Елизавета I (Энтони) - страница 206

Теперь Мария Стюарт осталась одна — это последний оставшийся в живых главарь заговора, и с её смертью ропот недовольства и измены стихнет до окончания царствования Елизаветы. Таковы были доводы близоруких людей, которые, кроме эшафота, были не способны что-либо видеть — даже испанские порты, где собирался огромный военный флот. Это был старый довод Елизаветы, и всеобщая истерия не заставила её забыть о нём. Стоит Марии Стюарт умереть, и у Испании окажутся развязаны руки; корабли, которые оснащались в Кадисе, и войско, обучавшееся по ту сторону Ла-Манша — в Нидерландах, казались Елизавете стрелой, нацеленной на Англию. Смерть Марии спустит эту стрелу с тетивы, и королева ходила взад и вперёд по своим покоям, проклиная Уолсингема, государственный совет, Роберта и всех, кто настаивал на том, чтобы она убила Марию, хотя это неизбежно приведёт к войне с Испанией. Она оказалась между двух огней; ей не давала покоя мысль о том, что богопомазанную королеву можно приговорить к смерти, как простую уголовную преступницу.

Однако есть другой выход, который, возможно, избавит её от необходимости принимать окончательное решение. Этот выход не понравится никому кроме Елизаветы, которая по-прежнему считала, что смелым быть легко, но куда как разумнее быть осторожным. Если королеву Марию удастся полностью дискредитировать в глазах всего мира, а особенно — в глазах религиозных фанатиков в Англии, тогда можно будет позволить ей жить.

И вот Елизавета писала Марии Стюарт письмо, предлагавшее ей жизнь. Обычно она писала легко; перо было тем оружием, которым она владела мастерски, но сейчас оно с трудом ей подчинялось, и слова не хотели ложиться на бумагу. Мария находилась в замке Фотерингей, самой угрюмой и самой укреплённой из всех её темниц; здесь её будут судить и здесь исполнят вынесенный ей приговор. Она знает, какая участь ей уготована; об этом позаботились её тюремщики.
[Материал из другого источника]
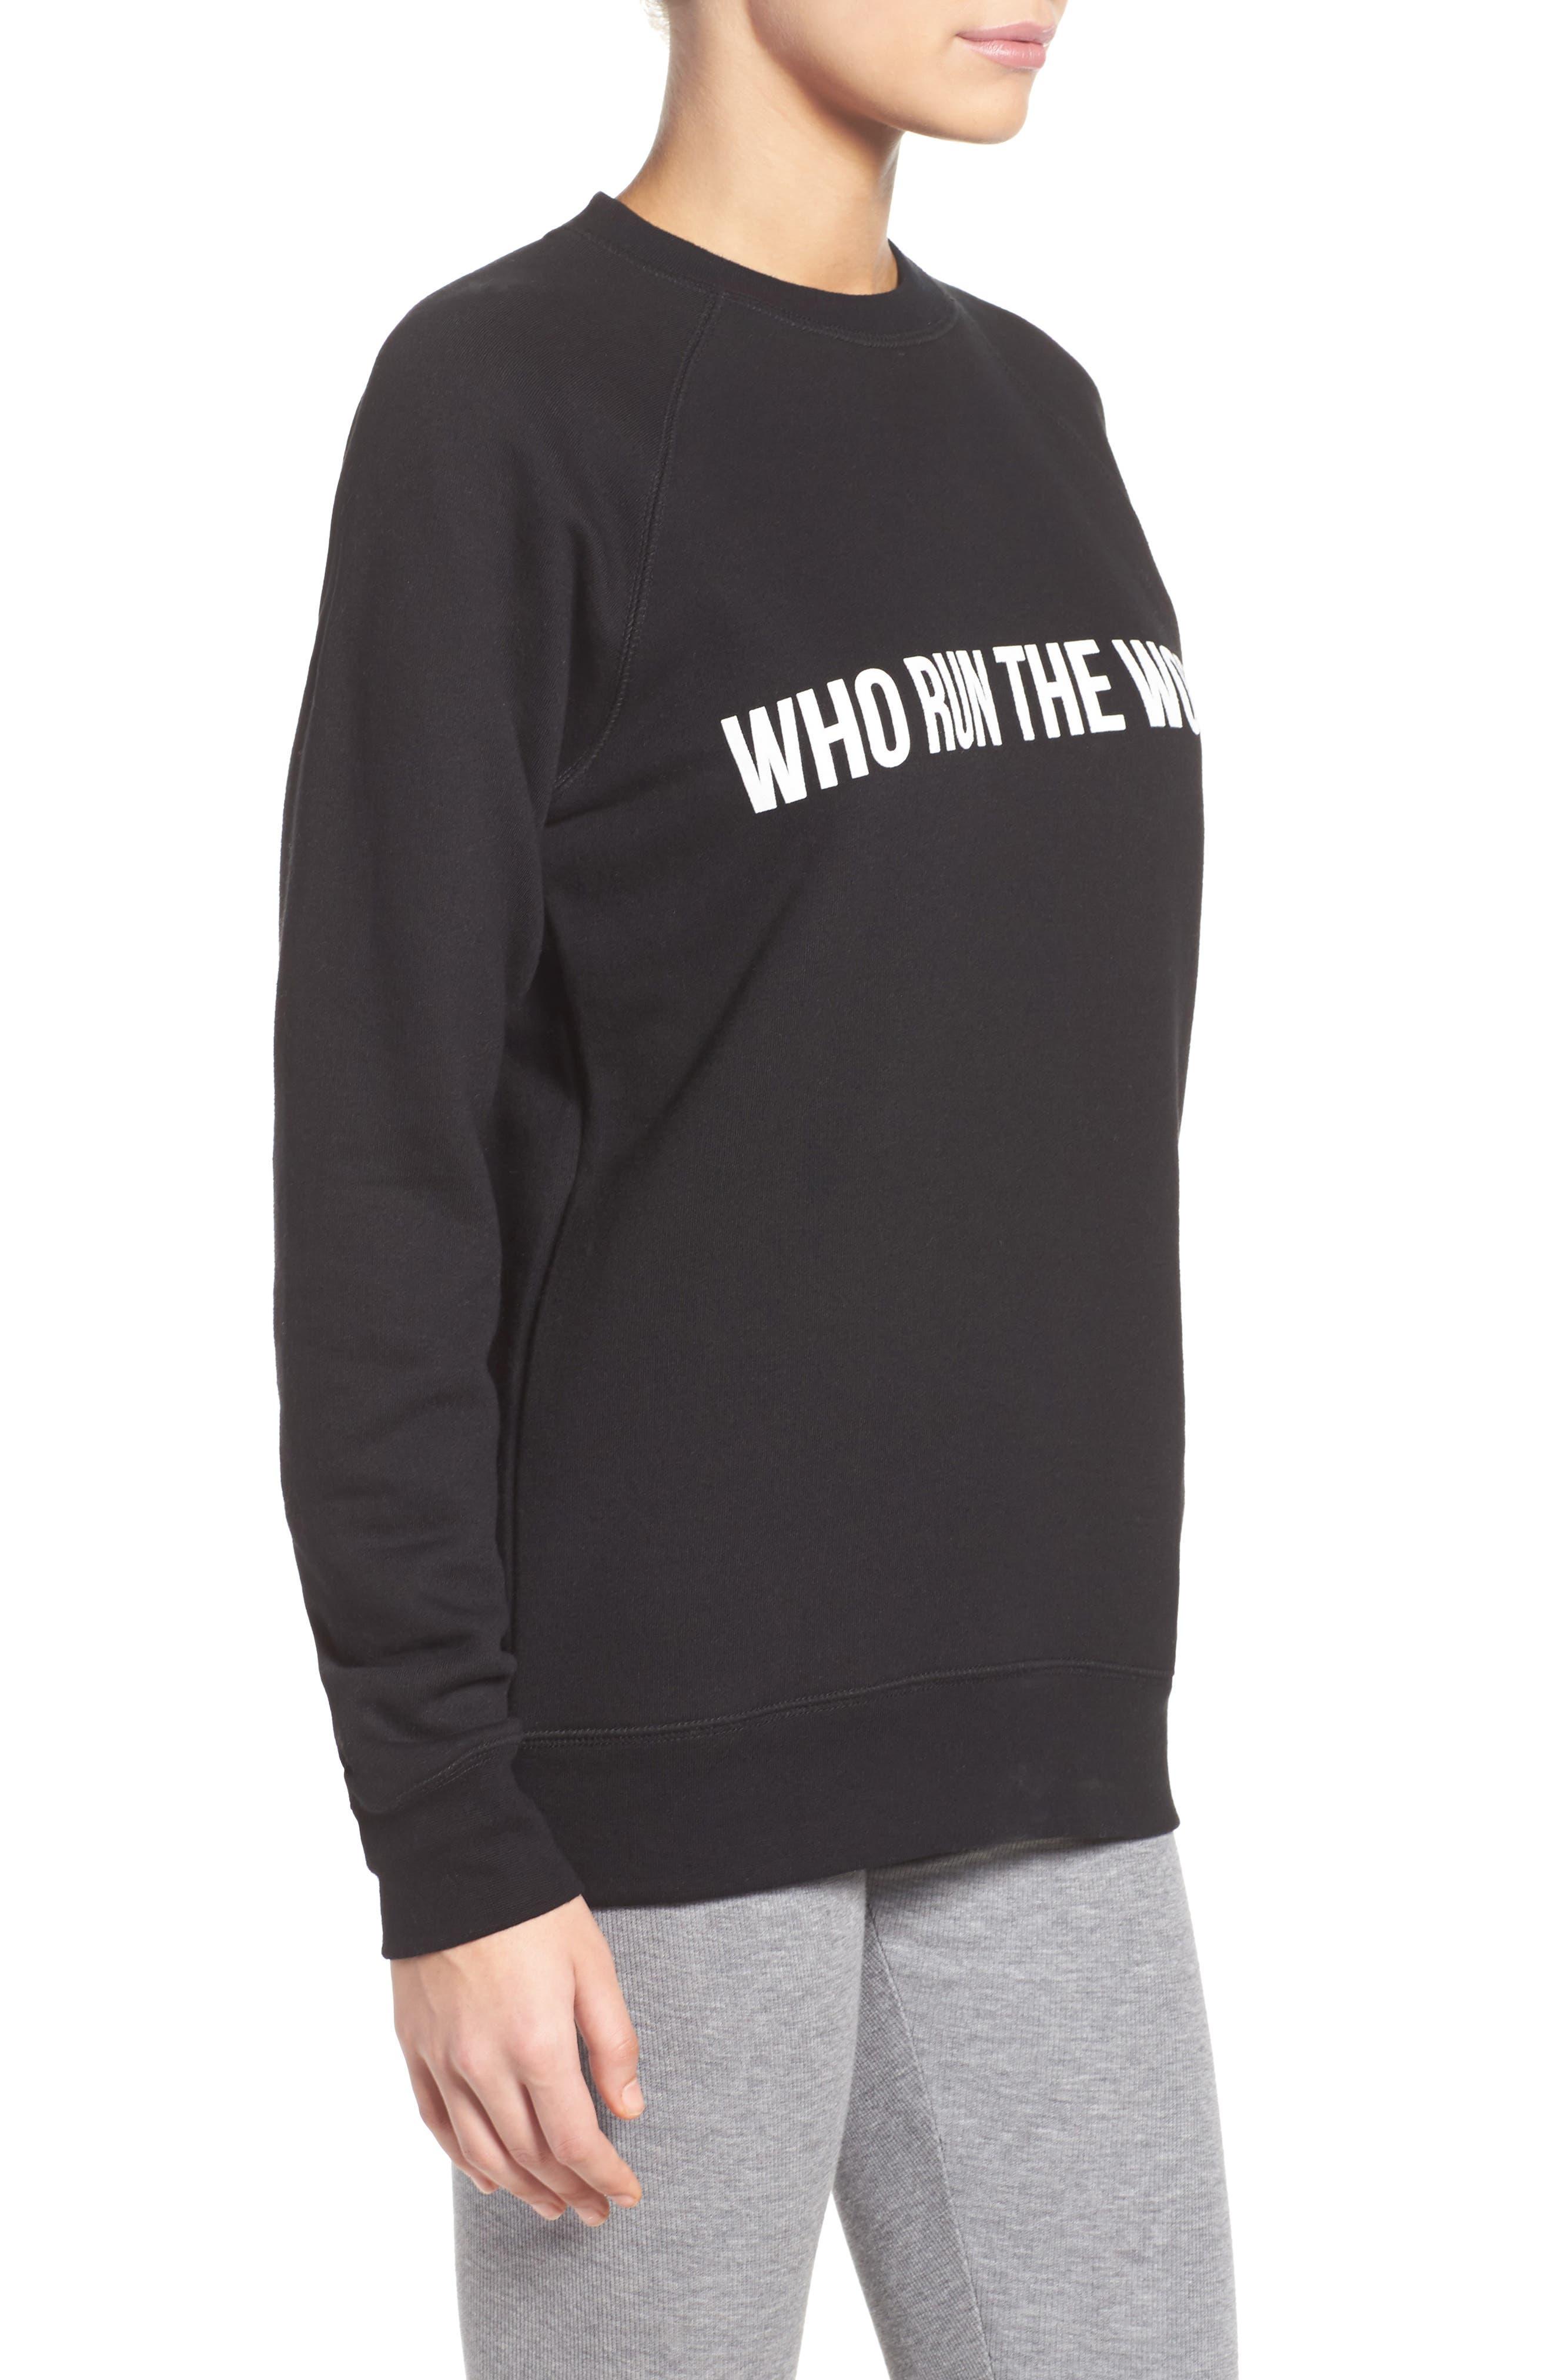 Who Run the World Sweatshirt,                             Alternate thumbnail 3, color,                             001

Елизавета вспомнила о своём собственном душевном состоянии, когда много лет назад она была юной девушкой, заключённой в Тауэре, и её жизни угрожали подозрения болезненной завистливой сестры и интриги множества придворных, желавших скомпрометировать её во что бы то ни стало. Она тогда очень боялась, потому что была совсем юной и страстно хотела жить, мысль о смерти наполняла её ужасом, и в её страхе не было ничего постыдного. В отличие от Марии Стюарт, её тогда не озлобили страдания и разочарования; она не была стареющей женщиной, пережившей крушение всех надежд и во всём отчаявшейся. Елизавета подумала, что если бы в Фотерингее была заключена она, сокрушённая и беззащитная, не ждущая от жизни ничего, кроме сумеречного существования то в одной крепости, то в другой, то она, Елизавета, наверное предпочла бы надеяться и жить.